What to work on —
Return every line of the data below that includes the string "Stock".

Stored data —
_ _ _ _ _ _ _

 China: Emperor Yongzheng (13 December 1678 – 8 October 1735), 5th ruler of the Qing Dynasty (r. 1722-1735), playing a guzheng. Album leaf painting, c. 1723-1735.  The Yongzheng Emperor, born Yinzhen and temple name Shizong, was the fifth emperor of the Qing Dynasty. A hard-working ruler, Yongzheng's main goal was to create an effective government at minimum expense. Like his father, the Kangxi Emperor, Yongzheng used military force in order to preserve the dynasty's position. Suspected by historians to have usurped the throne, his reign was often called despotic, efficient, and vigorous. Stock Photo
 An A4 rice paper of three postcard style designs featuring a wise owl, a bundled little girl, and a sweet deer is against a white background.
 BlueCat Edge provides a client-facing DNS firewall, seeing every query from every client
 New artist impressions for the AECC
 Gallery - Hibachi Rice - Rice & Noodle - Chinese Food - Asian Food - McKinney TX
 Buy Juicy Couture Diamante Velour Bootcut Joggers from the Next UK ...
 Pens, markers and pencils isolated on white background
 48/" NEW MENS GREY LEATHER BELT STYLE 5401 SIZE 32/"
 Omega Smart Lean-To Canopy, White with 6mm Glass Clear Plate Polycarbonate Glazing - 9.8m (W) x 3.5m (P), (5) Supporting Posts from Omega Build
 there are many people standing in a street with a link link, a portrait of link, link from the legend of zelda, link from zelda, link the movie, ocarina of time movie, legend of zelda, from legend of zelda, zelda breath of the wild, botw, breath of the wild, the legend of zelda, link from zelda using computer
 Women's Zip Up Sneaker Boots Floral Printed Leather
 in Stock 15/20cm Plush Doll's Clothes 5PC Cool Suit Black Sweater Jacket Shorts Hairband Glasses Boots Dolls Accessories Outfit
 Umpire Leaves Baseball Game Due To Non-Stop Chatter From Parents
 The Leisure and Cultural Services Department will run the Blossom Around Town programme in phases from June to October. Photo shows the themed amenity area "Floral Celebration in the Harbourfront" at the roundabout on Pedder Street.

_ _ _ _ _ _ _

Solution to this exercise —
 China: Emperor Yongzheng (13 December 1678 – 8 October 1735), 5th ruler of the Qing Dynasty (r. 1722-1735), playing a guzheng. Album leaf painting, c. 1723-1735.  The Yongzheng Emperor, born Yinzhen and temple name Shizong, was the fifth emperor of the Qing Dynasty. A hard-working ruler, Yongzheng's main goal was to create an effective government at minimum expense. Like his father, the Kangxi Emperor, Yongzheng used military force in order to preserve the dynasty's position. Suspected by historians to have usurped the throne, his reign was often called despotic, efficient, and vigorous. Stock Photo
 in Stock 15/20cm Plush Doll's Clothes 5PC Cool Suit Black Sweater Jacket Shorts Hairband Glasses Boots Dolls Accessories Outfit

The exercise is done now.